Captain Matt Andreasen
Matt (or Martin) Andreasen was Ole's brother. Although Matt was never a member
of the CAE, he did sell his schooner North Star and provisions to Stefansson.
He also owned a shack and provisions at Point Atkinson, N.W.T. Matt Andreasen
had a house at Point Atkinson which Jenness on North Star visited in August
1914. Matt was also known as Cheechako Anderson.
James Asaela (Jim Fiji)
Jim Fiji was working for Captain Fritz Wolki on the schooner, Rosie H as
a harpooner in 1910 (R.M.Anderson Diary 1910). In 1915 Nuligak refers to Jim living
on the schooner, Rosie H. and taking 110 foxes, still employed as a harpooner
for one of the the Rosie H.'s whaleboats (Nuligak/Metayer 1966).
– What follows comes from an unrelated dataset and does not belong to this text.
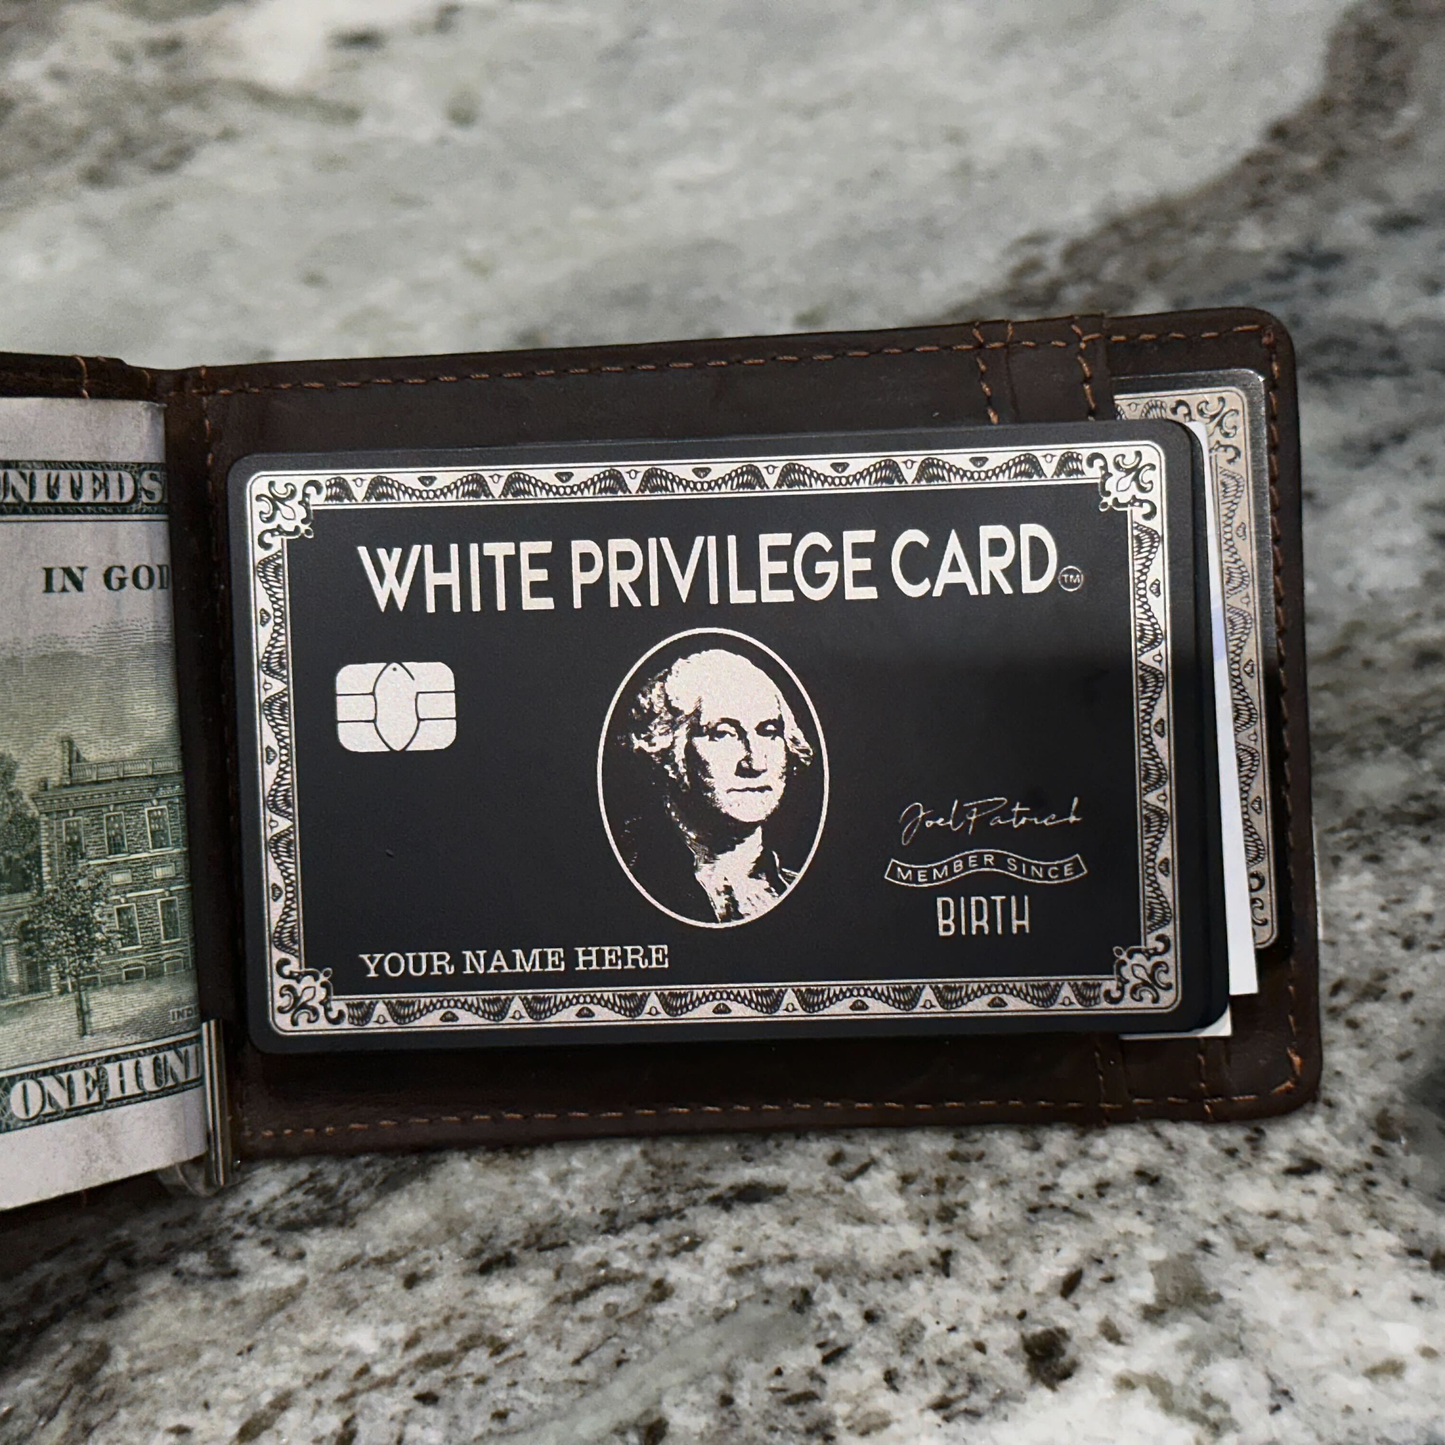 The White Privilege Card

Jim Fiji worked for the Northern Party of the CAE from August
1915 to September 1917. He was paid $75 per month with a bonus of $2.50 a day
for watching a cache probably the caribou meat cache on the east coast of Banks
Island for 60 days (Auditor General's Report 1919-20).
Jim Fiji was still living at Baillie Island in 1925 (Gillingham
1955). Metayer gives the following note on Jim's death: "Jim Fiji, Hawaiian
also (with Tom Emsley), stayed in the neighbourhood of Booth. He lived in a shack
still visible today. He never married. According to the Eskimos, he was partially
blind. In 1925 he disappeared; it is believed that having gone seal hunting out
on the sea ice, his poor sight caused him to mistake the black colour of open
water for the reflection of land, and he went through the ice" (Nuligak/Metayer
"Jim stayed at Booth Island, in a little harbour with
schooner, called Fiji Island. Nice people. [He was] trapping. After [I don't know
how many] years, he drifted out by ice, never came back. Too bad, [he was] getting
old too. From Booth Island, between Cape Parry, fifteen miles, [he was] trying
to cut across from Booth Island to Cape Parry. Didn't know [about] current, opened
(Interview with Edward Ruben, September 2002, Paulatuk.)
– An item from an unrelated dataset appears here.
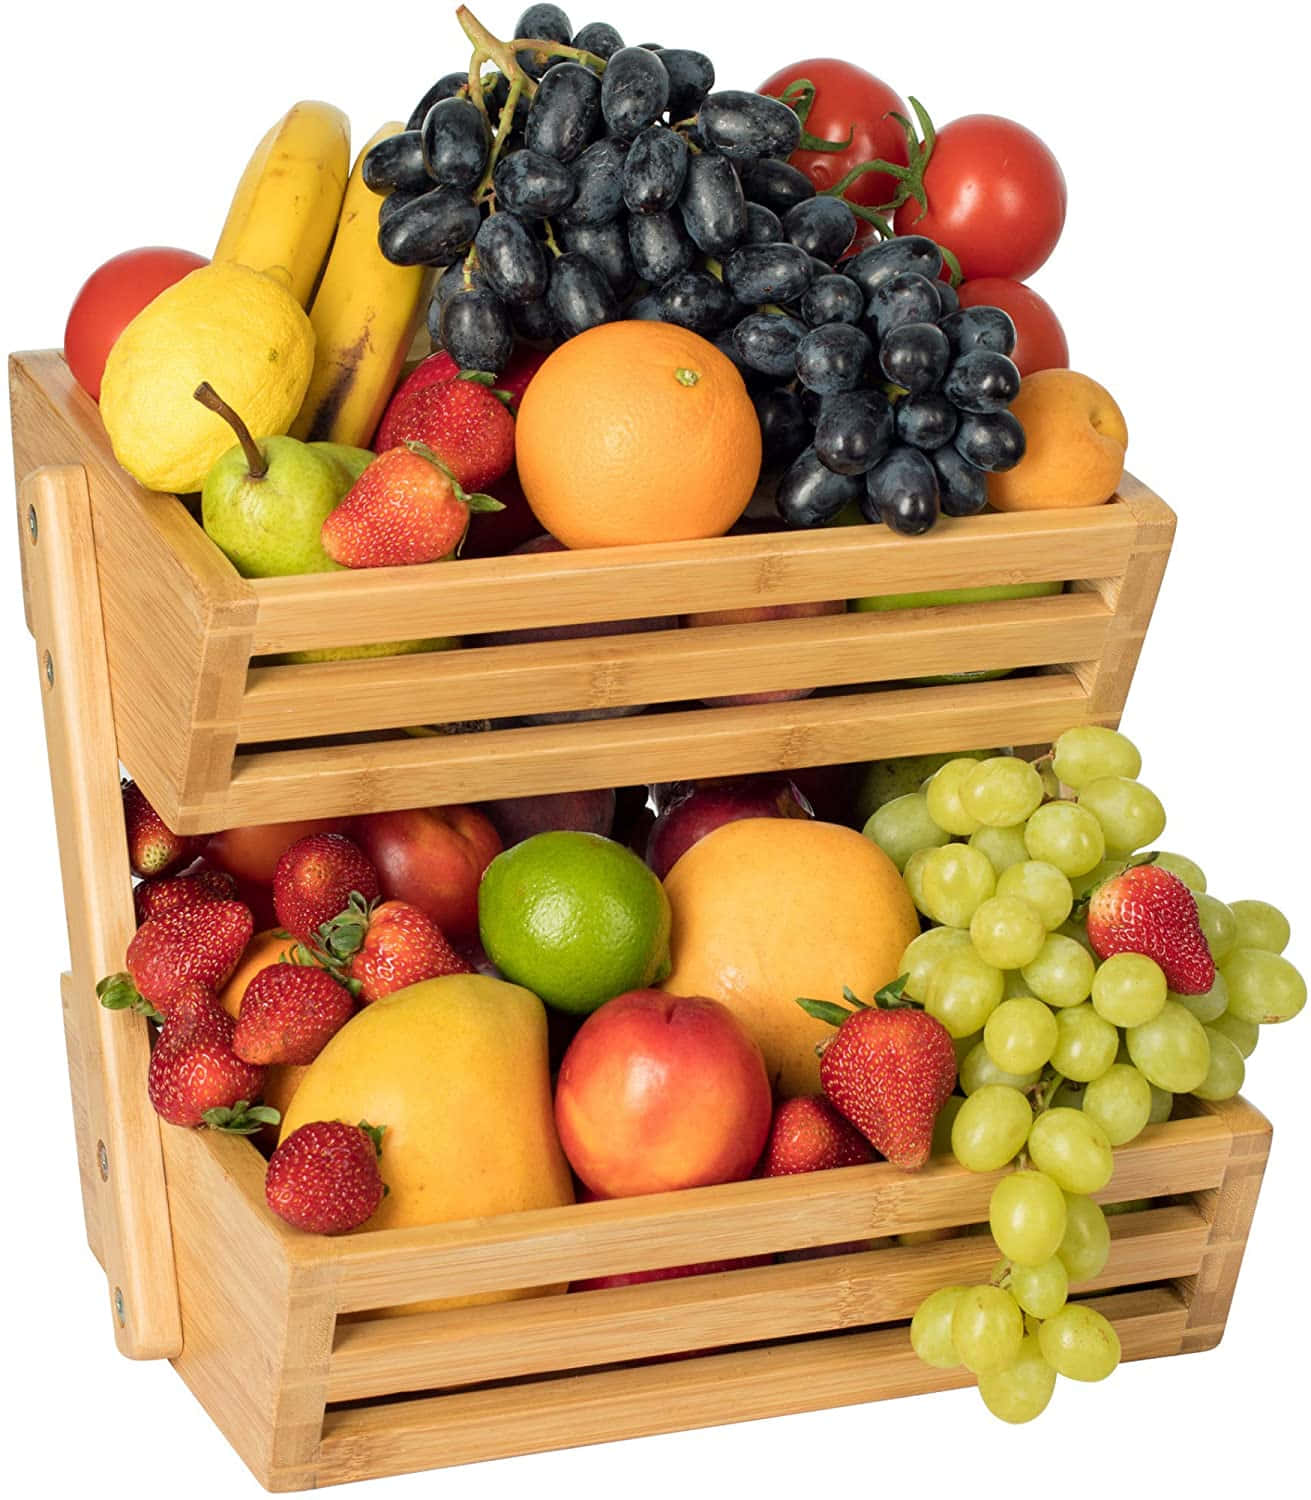 Willkommenim Fruits Basket.

Emiu was known also as "Split-the-wind" due to his fondness for fast
dogteams. Originally from Nome, and formerly cabin boy on the schooner Polar
Bear, Emiu took part in all of the "New Land" sled trips in the
Arctic islands between 1916 and 1918 (Stefansson 1921 p. 450, 569).
Emiu had spent two years in Seattle and most of the rest of his life in Nome,
"Split was a game little fellow, like a compact bundle
of fine steel wires. He had a habit of pulling his belt tight which made him look
even more gaunt than he was, and at camp-time he used to delight in talking about
the fine beefsteaks we would order when we finally got back to civilization"
"Split began it. He told us... how on such a date he had
trained the team of racing dogs that won the All Alaska Sweepstakes in so many
hours, 'Twenty-three minutes and eighty-nine seconds flat!'" (Noice
Split was one of several former members of the Canadian Arctic
Expedition who succumbed to the influenza epidemic of 1918. "Little Split
died of influenza a few days after he reached Nome" (Noice 1924).
Wife of Alingnak, and mother (adoptive) of Topsy Ikiuna, Guninanna, or "Kuninana"
worked as as a seamstress for the Northern Party of the CAE from September 1915
to May 1917, at wages of $20 or $40 a month (Auditor General's Report 1919-20).
Stefansson hired her primarily as a seamstress, but found her knowledge of Inuit/Inuvialuit
customs to be invaluable. "Guninana is one of the best Eskimo informants
I have ever had and some of the chief ethnological results of my former expedition
were based on her information" (Stefansson 1921).
"I found that Guninana was far better versed in the ancient
lore of her people, spoke the Baillie Islands dialect with undoubted purity of
accent, and was the most cheerful and long-suffering person I have ever encountered
in answering what must necessarily be tedious questions..."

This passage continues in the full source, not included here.